Bracken's hobby has taken him and his beagles to countless field trials and certified hunting beagle competitions, where he has fared well.

In these competitions, dogs are put in packs and trained to chase rabbits. The goal of the trials is not to catch the rabbits, but to judge the accuracy with which a beagle can locate a scent and chase the rabbit. Judges watch how quickly the dog turns in response to the sudden turns of the rabbit and how quickly the dog will claim ownership of a scent by barking or "checking."

It's Little Blue Thunder that has been Bracken's pride and joy. The short-legged, gentle-eyed beagle has competed in 15 states and become a field champion, meaning he's won enough gundog competitions to put him at the top of his class as a certified hunting beagle.

"This is funny to me but probably not to other [beagle] handlers," Bracken said. "Blue Thunder's good; he knows how to win a trial.

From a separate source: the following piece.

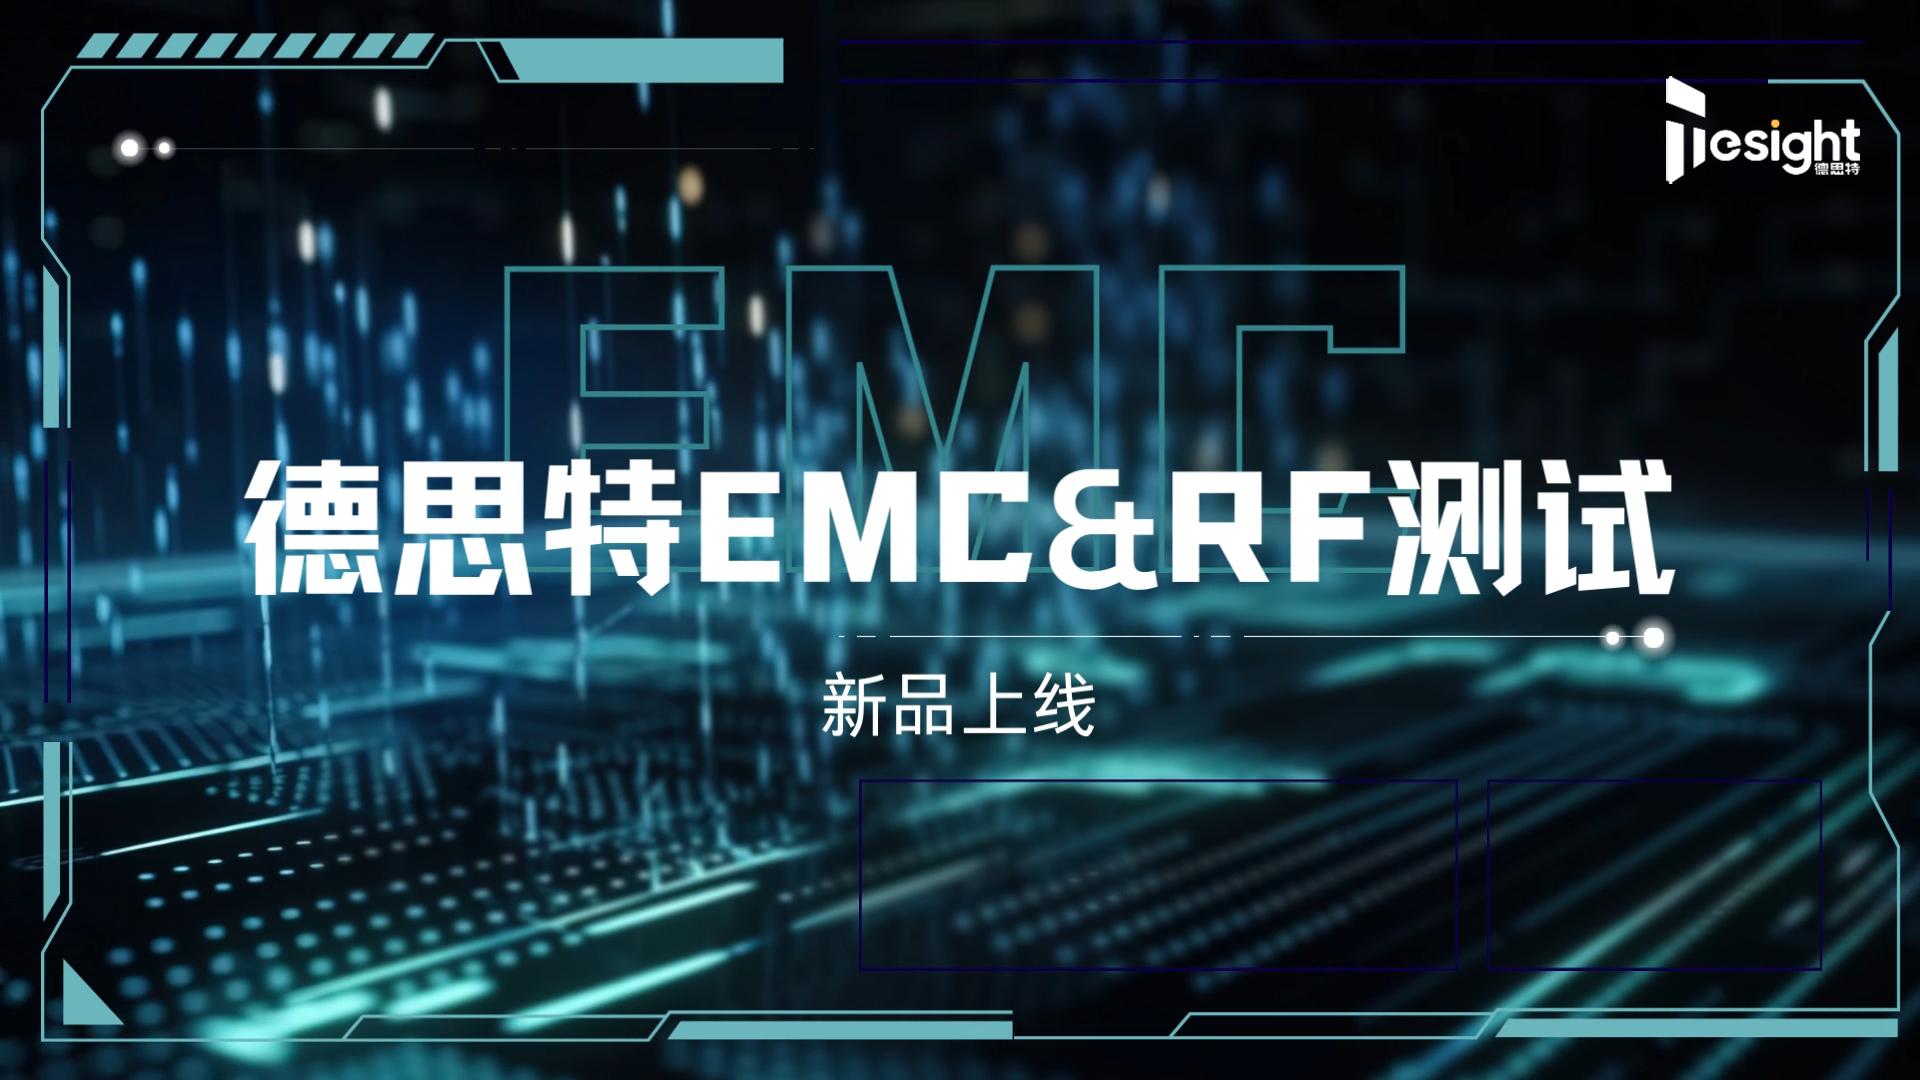 #EMC &#RF 測試系列方案#射頻 #射頻測試 #微波技術 #電磁兼容EMC #電磁兼容 #測試技術 
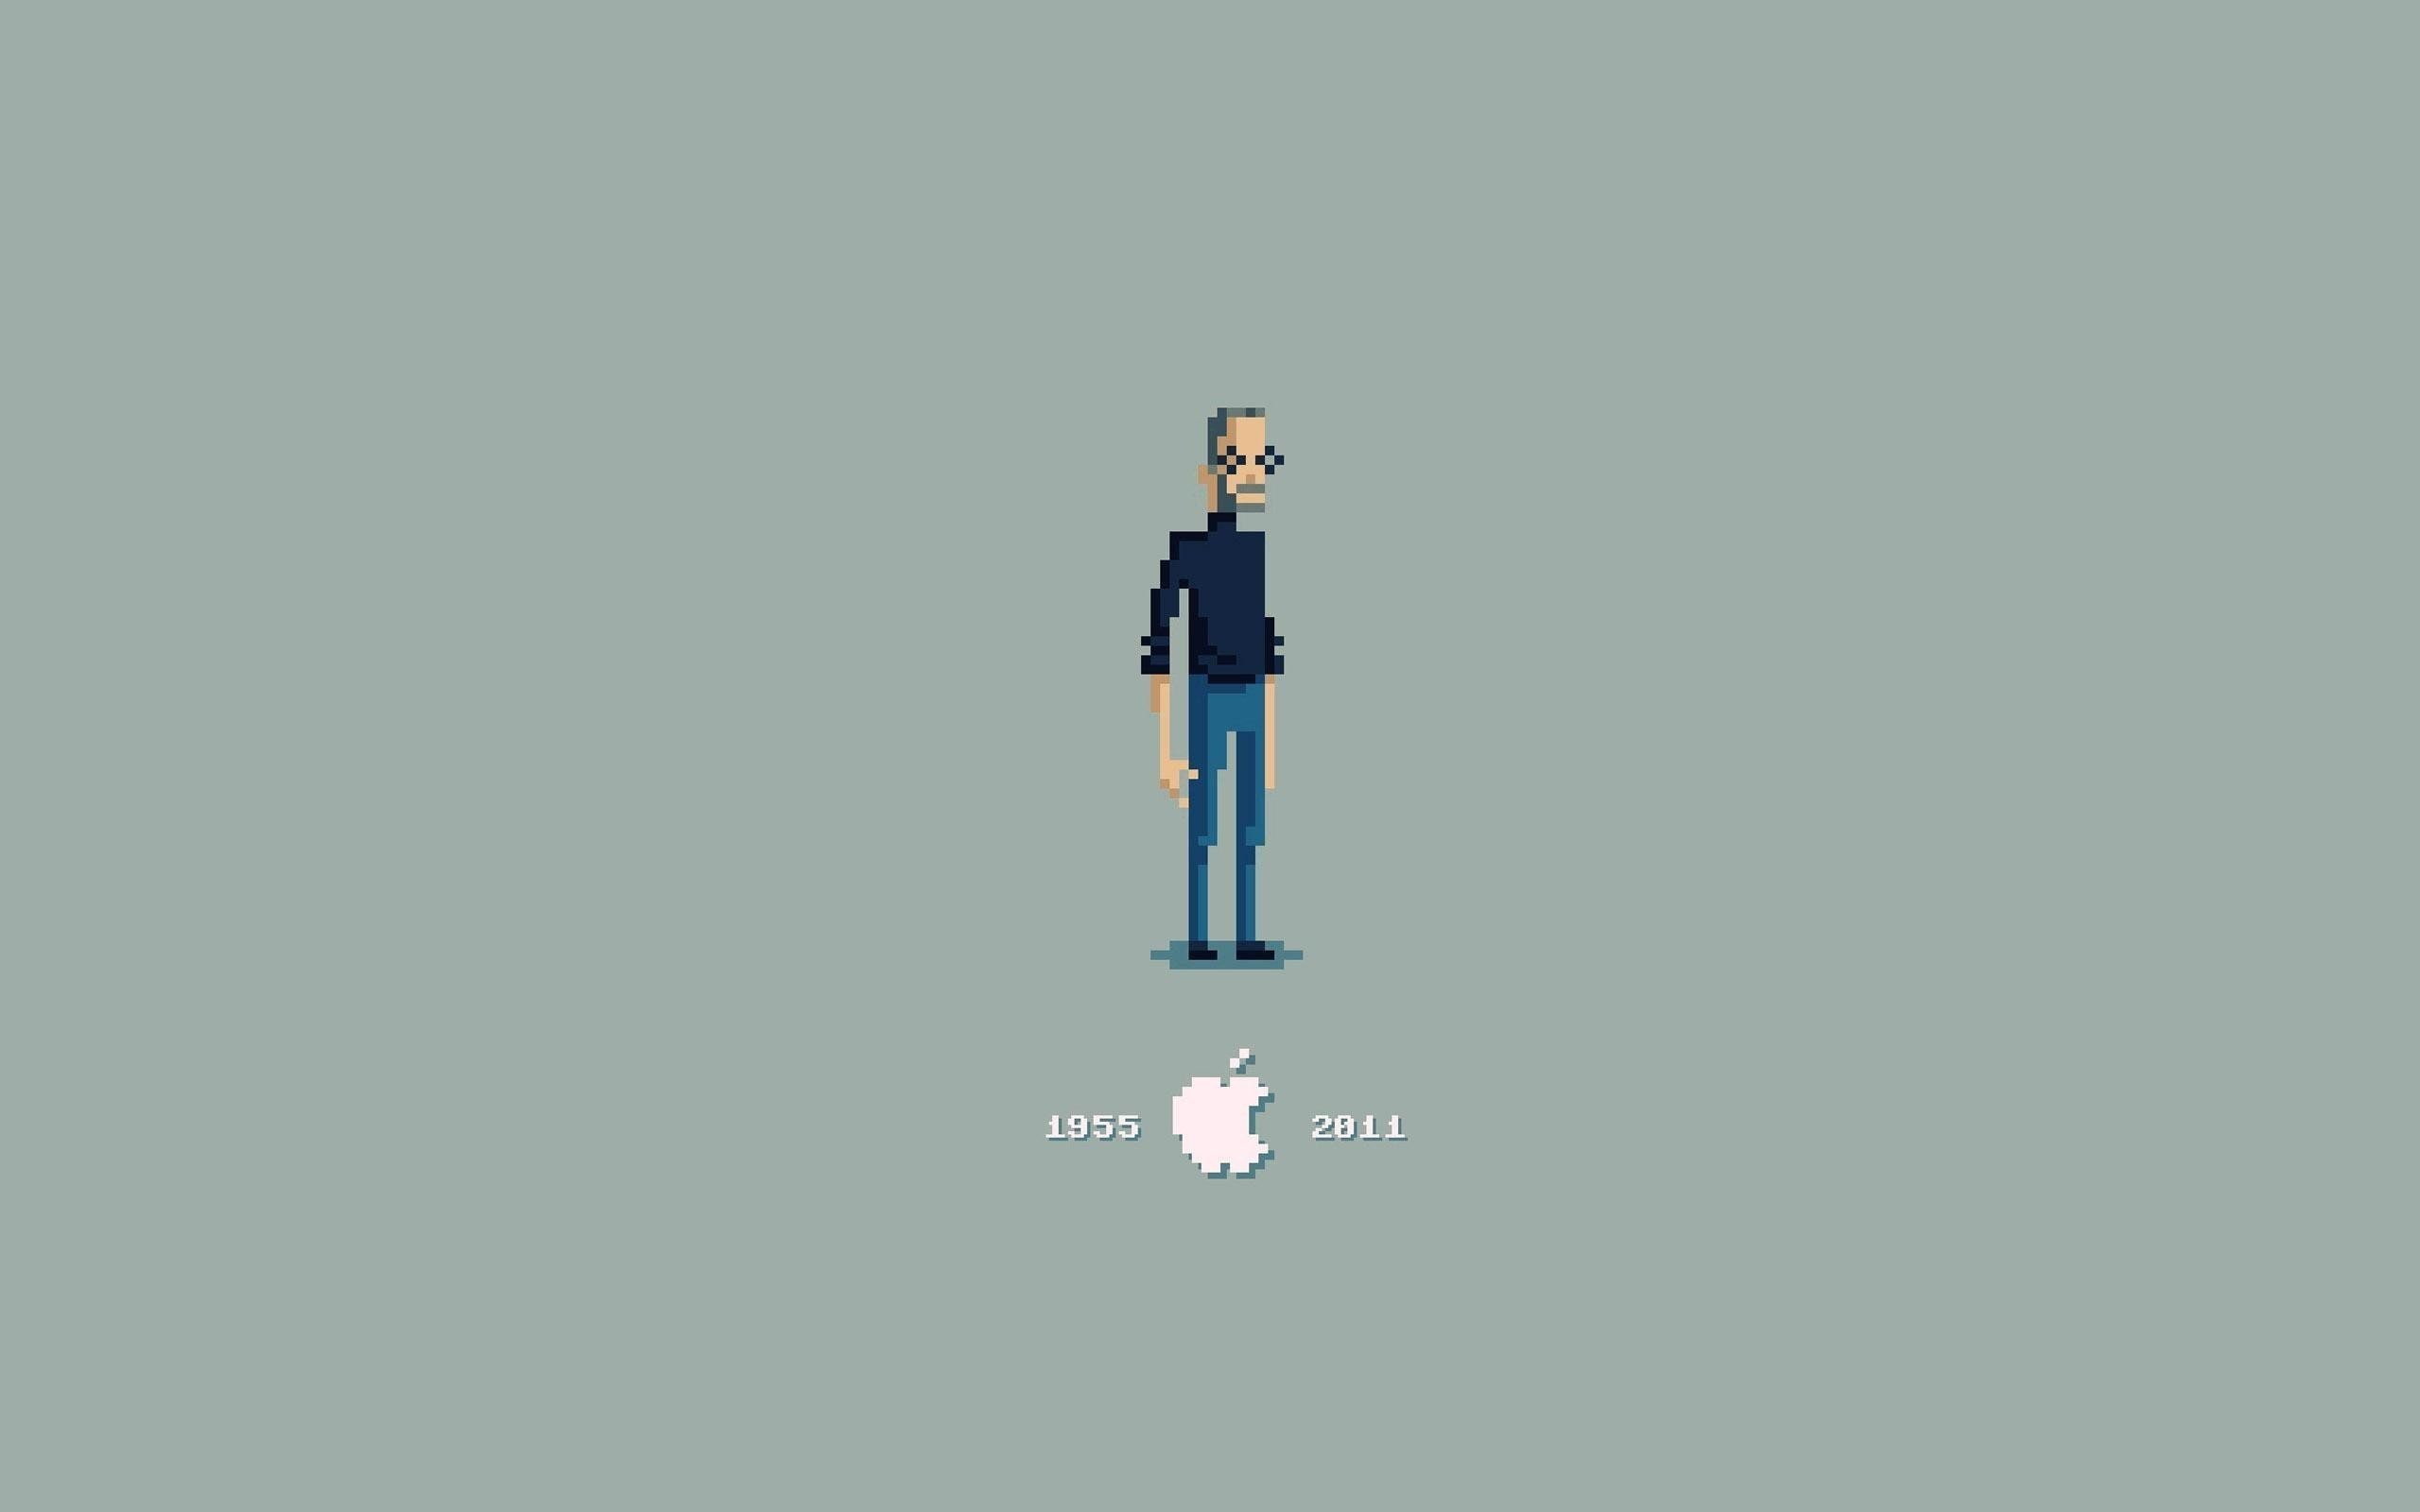 steve jobs apple inc_ pixel art 8 bit minimalism, one person

When he's at a check point [on the verge of picking up the rabbit scent], he'll watch the other dogs, and if they wouldn't bark, he would. The first dog to bark gets the claim, you see, so he'd steal that check right from those dogs because he watched."

In his cage, Little Blue Thunder looks like a sleepy-eyed porch dog, with his lazy eyes, velvety-soft ears and graying muzzle. When Bracken walks toward the pen -built close to the house, so he can visit the dog several times a day - Little Blue Thunder's eyes perk up and his short, skinny tail starts wagging.

"Blue Thunder's gonna be 9 years old this month, and he's just as spoiled now as he was the day I got him," Bracken said, laughing. "He loves to come in the house, and he'd stay in here if Miss Ellie would let him."

Bracken remembers when he bought Little Blue Thunder back in 1989. The dog was only 2 years old at the time, and had barely begun competing in field trials. Bracken, although he couldn't see Blue Thunder without the aid of a strong magnifying glass, could sense that the little bundle of muscles was a winner.

"People thought I was crazy, paying as much for him as I did, but he's a good dog, oh, yes, he is," Bracken said proudly. "He's a winner." A champion hunting dog can sell for over $2,000.

Evidence of Blue Thunder's accomplishments adorns the Bracken household. On a wall in the dining room is an artist's painting of Blue Thunder, a Christmas gift from Miss Ellie, painted on wood and gleaming under a heavy coat of shellac. In the upstairs hallway is a chair-sized trophy, won by Blue Thunder in a 1989 South Carolina competition. Little Blue Thunder's pedigree hangs on the wall in a neat frame, and various other photos of the champion beagle bedeck Bracken's office.

Bracken enjoys reliving the exciting gundog competitions with Little Blue Thunder, but his time in the fields is limited these days.

"I haven't been able to attend [field] trials because I don't drive now, and Miss Ellie and I are getting on in years," Bracken said. "But now I spend time with the dogs here at the house. It takes a lot of work, but I like it." Bracken has fenced in 11 acres of land that he carefully mows each week, leaving large cover bushes for the rabbits. It is here his beagles get to practice and run in near-freedom.

Although he may never run a beagle in competition again, Bracken knows he's still raising champions. In February, on the heels of the winter ice storms, Bracken went to Rocky Mount with a friend, Mike Mooney, and Mooney's 8-year-old son, Will, to a 19-team trial (each team had four dogs). Mooney's four dogs came from Bracken's kennel.

"I tell you, they put on a show," Bracken said. "I'd of been happy to even place, but we went and won the whole thing."